What is needed: Would you please transcribe, exactly as written, the lines of the entries below starting at the one that holds "Binnenkijken in het" and ending at the one that holds "Zimná bezpečnostná členková", both included?

The records:
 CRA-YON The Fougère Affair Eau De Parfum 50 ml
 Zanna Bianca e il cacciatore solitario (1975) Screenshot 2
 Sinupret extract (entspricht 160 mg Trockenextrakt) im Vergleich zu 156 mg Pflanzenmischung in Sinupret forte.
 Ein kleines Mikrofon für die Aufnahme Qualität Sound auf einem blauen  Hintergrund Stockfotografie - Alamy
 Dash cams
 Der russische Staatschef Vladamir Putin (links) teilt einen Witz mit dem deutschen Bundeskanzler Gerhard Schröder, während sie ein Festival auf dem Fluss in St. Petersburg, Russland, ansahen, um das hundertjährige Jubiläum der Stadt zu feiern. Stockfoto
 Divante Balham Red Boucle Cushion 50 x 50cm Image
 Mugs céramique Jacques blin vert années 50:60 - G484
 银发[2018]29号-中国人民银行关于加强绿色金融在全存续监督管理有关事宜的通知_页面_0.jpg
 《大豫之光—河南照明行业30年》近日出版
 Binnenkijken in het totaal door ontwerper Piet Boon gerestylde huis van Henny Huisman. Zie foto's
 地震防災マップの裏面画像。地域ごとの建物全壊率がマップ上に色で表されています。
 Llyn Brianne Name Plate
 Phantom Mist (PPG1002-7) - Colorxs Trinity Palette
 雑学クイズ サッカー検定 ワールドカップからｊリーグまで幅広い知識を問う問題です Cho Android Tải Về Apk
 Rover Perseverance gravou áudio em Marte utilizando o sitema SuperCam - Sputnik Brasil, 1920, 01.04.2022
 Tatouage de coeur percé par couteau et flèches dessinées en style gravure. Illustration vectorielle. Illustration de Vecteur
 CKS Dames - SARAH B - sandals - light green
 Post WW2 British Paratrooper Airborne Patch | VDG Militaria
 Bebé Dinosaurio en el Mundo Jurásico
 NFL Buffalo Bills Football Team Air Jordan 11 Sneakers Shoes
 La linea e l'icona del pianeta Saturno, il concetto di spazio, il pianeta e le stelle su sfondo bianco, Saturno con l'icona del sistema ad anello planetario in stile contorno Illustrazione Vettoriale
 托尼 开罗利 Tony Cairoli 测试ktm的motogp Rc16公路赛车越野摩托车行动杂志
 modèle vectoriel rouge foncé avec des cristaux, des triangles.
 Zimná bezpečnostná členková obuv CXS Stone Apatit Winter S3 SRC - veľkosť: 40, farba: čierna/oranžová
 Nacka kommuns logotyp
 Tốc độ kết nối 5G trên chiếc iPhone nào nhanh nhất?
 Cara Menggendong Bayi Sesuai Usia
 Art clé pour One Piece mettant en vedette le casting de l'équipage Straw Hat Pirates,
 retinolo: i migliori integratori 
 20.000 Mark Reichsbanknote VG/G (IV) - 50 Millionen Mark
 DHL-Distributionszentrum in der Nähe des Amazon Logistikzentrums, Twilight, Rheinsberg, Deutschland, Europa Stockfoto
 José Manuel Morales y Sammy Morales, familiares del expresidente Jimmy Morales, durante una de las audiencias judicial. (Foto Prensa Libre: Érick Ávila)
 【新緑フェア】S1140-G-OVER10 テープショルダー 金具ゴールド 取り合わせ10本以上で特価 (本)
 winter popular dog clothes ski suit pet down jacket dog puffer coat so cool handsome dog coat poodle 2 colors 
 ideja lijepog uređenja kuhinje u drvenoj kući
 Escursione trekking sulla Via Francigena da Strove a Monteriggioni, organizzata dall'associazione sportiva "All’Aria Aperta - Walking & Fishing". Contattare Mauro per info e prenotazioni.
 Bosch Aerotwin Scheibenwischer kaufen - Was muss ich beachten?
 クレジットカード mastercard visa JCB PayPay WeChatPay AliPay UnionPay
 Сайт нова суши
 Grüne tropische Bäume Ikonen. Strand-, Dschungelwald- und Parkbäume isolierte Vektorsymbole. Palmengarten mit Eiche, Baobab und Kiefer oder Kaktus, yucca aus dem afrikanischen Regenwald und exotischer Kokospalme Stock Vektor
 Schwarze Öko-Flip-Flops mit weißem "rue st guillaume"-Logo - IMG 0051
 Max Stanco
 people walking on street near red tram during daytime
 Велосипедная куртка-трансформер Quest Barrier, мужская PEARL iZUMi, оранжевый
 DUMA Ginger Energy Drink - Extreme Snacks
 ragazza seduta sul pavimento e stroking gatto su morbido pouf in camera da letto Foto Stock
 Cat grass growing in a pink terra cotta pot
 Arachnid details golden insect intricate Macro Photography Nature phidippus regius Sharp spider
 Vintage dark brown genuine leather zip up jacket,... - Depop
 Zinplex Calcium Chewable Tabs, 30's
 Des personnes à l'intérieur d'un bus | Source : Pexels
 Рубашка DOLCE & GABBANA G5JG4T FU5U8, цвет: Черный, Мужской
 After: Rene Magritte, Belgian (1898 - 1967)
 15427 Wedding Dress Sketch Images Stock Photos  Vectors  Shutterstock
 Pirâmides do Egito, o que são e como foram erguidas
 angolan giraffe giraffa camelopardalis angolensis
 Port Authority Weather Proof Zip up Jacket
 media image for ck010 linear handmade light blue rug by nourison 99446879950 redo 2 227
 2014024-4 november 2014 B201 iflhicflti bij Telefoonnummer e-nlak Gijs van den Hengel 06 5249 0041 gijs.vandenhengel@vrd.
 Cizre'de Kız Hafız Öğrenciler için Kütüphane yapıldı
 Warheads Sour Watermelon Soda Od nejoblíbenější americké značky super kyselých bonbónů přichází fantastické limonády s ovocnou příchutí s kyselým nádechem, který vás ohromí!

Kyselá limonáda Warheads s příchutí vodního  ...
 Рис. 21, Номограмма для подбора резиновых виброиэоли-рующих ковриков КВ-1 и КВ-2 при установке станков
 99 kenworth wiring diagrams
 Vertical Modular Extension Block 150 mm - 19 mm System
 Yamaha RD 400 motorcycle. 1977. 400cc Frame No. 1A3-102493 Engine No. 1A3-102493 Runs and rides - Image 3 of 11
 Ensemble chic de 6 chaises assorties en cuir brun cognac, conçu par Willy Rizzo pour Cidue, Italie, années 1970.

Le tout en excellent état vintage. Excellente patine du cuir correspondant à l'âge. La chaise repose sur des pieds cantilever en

Output of the exercise:
 Binnenkijken in het totaal door ontwerper Piet Boon gerestylde huis van Henny Huisman. Zie foto's
 地震防災マップの裏面画像。地域ごとの建物全壊率がマップ上に色で表されています。
 Llyn Brianne Name Plate
 Phantom Mist (PPG1002-7) - Colorxs Trinity Palette
 雑学クイズ サッカー検定 ワールドカップからｊリーグまで幅広い知識を問う問題です Cho Android Tải Về Apk
 Rover Perseverance gravou áudio em Marte utilizando o sitema SuperCam - Sputnik Brasil, 1920, 01.04.2022
 Tatouage de coeur percé par couteau et flèches dessinées en style gravure. Illustration vectorielle. Illustration de Vecteur
 CKS Dames - SARAH B - sandals - light green
 Post WW2 British Paratrooper Airborne Patch | VDG Militaria
 Bebé Dinosaurio en el Mundo Jurásico
 NFL Buffalo Bills Football Team Air Jordan 11 Sneakers Shoes
 La linea e l'icona del pianeta Saturno, il concetto di spazio, il pianeta e le stelle su sfondo bianco, Saturno con l'icona del sistema ad anello planetario in stile contorno Illustrazione Vettoriale
 托尼 开罗利 Tony Cairoli 测试ktm的motogp Rc16公路赛车越野摩托车行动杂志
 modèle vectoriel rouge foncé avec des cristaux, des triangles.
 Zimná bezpečnostná členková obuv CXS Stone Apatit Winter S3 SRC - veľkosť: 40, farba: čierna/oranžová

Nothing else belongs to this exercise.